The photographs arguably suggest to a contemporary audience an infinitely poorer but more authentic world, frozen in its rough glory. Alternatively, these images instruct a student audience passing by that their temporary playground for three years of undergraduate study, has a real, hard history that their ‘soft city’ is superimposed upon and overlaps with. Does it open their eyes to another Leeds, an industrial and working-class city?

Leeds is an interesting test-bed for thinking about northern England. It voted by a marginal proportion in favour of Remain at the Brexit referendum in 2016, and is a city divided along class lines, an educated metropolitan demographic coming hard up against a post-industrial working-class similar to that of the so-called ‘left behind’ towns of West Yorkshire that surround it. It is perhaps no coincidence that the Tories have decided to base their future northern operations in Leeds, faced with the fervent hostility of both Manchester and Liverpool. So do these photographs, exhibited in this new context, work to redress these divides, to heal or at least draw attention to the conflicts between these two sides of Leeds, or do they plaster over these cracks? Do they pour salt into these wounds by representing these locations and historical moments as exotic for a student audience?

Perhaps this is what is troubling about these photographs’ new context. We are supposed to read the images as a part of what Harun Farocki called a ‘soft montage’ with the contemporary world we walk through, not simply as a window onto an old world to disappear into. This may be what happens to older viewers like me – the photographs allow us to give ourselves over to that old leftist melancholic introspection. But we really need to think about what these images say about the present day. They remind us that the city is built and rebuilt by us, not just those wider forces of commerce and industry and council planners. They remind us that the city is as much an idea as it is about solid built form, and that ideas are fluid and changeable.
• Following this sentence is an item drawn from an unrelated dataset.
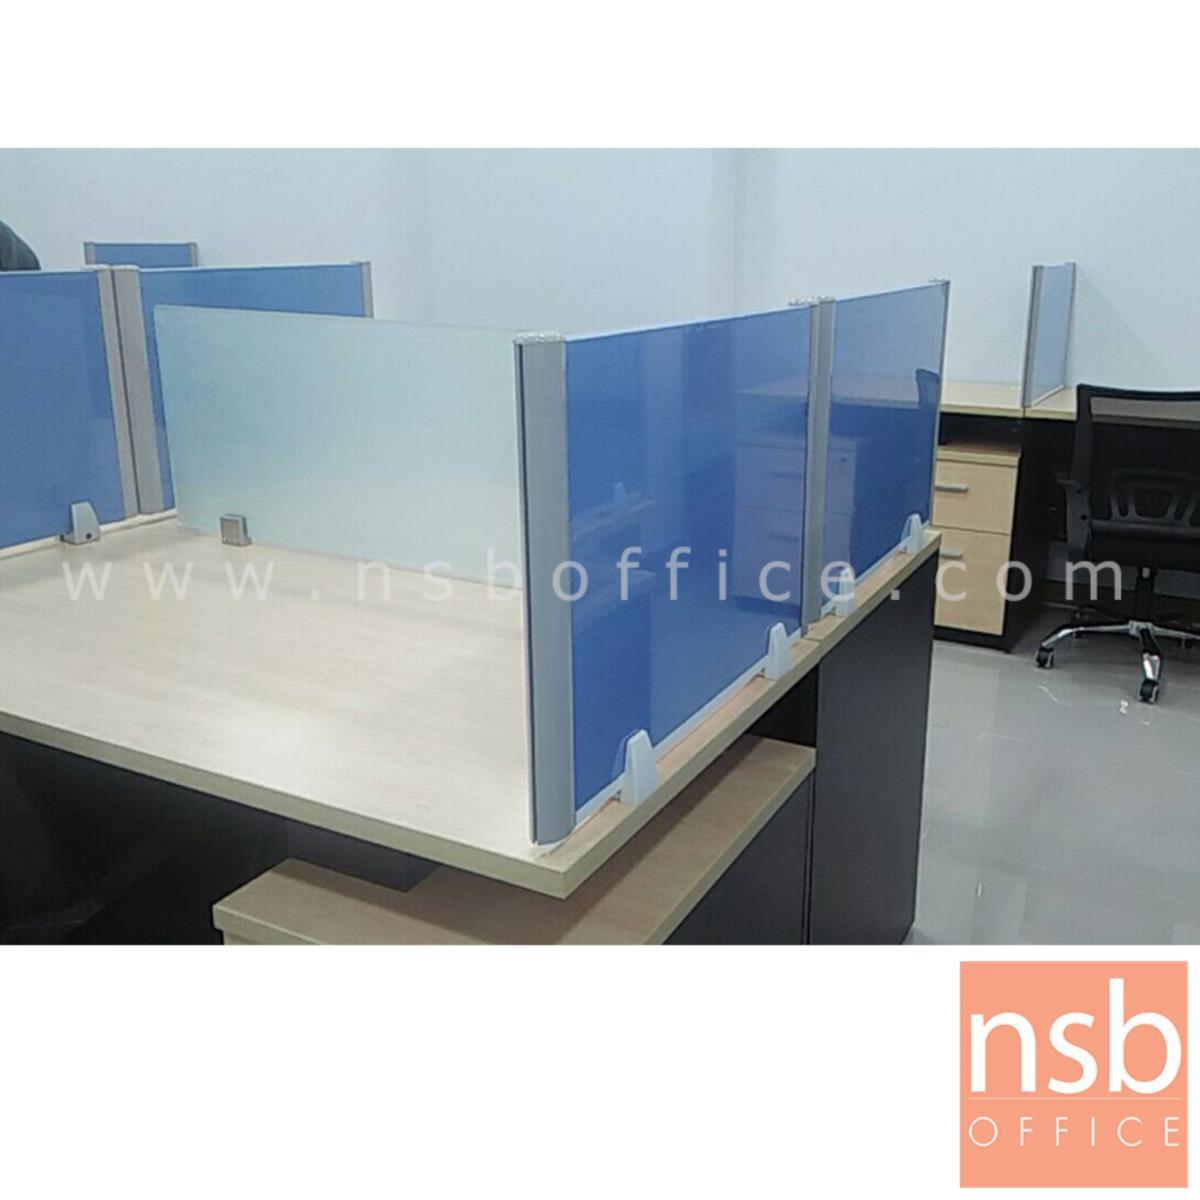 มินิสกรีนหุ้มผ้า เฟรมอลูมินั่ม (พร้อมตัวจับสีขาว แบบเจาะหน้าโต๊ะ)  80W - 180W cm
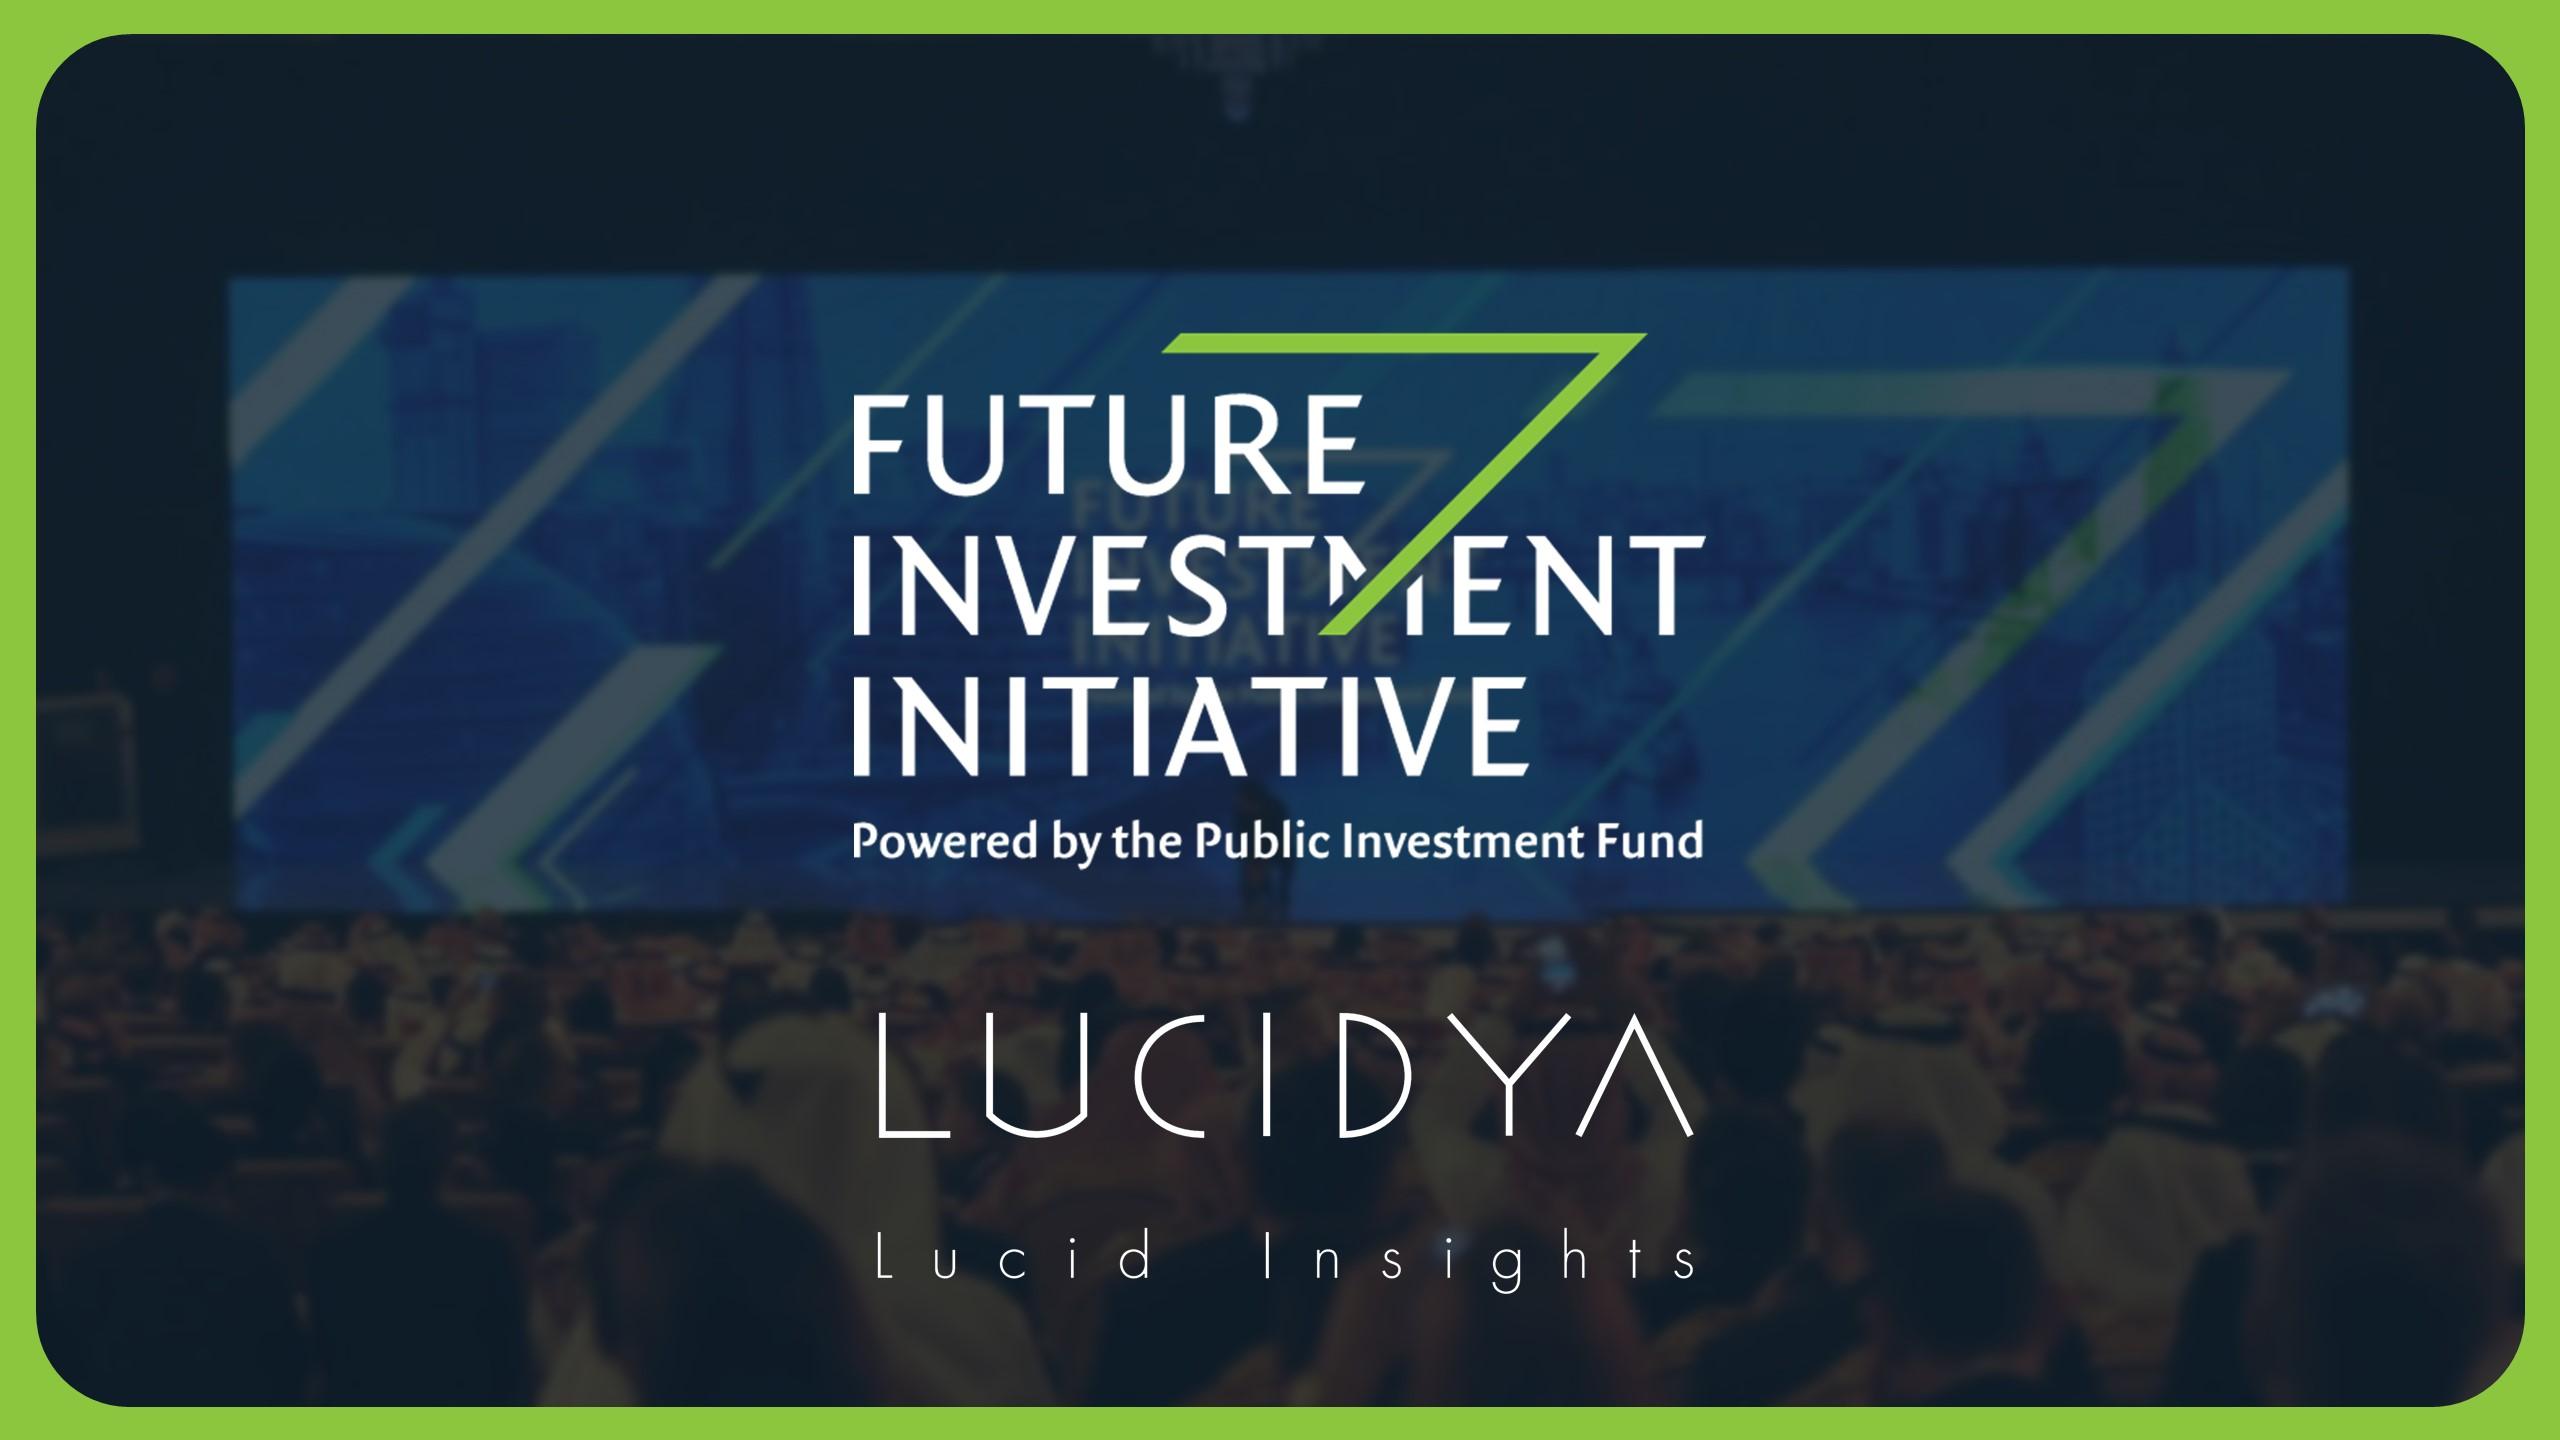 إنفوجراف – مبادرة مستقبل الاستثمار

They remind us that the present moment is most important, that the ordinary can be extraordinary, and that we simply need the perspective on the ordinary that time and reflection might allow us.

Credit: Aidan Winterburn.

The Leeds of these photographs is one that was poorer but more dynamic, where opportunities existed because the cracks were larger and more visible. It was a Leeds that had a sense of its own identity rather than one outsourced and hawked around property developers, marketing and PR companies, with their new plans for Quarry Hill as the embarrassingly named ’SOYO’ (South of York Road). Perhaps these images should be a call to arms for a new Leeds that is based on the bravery of looking forwards, past the lowered horizons of the pandemic which has exacerbated our isolation, our atomisation and our longing for the past, to remake a city that truly represents those on its margins and in its peripheries.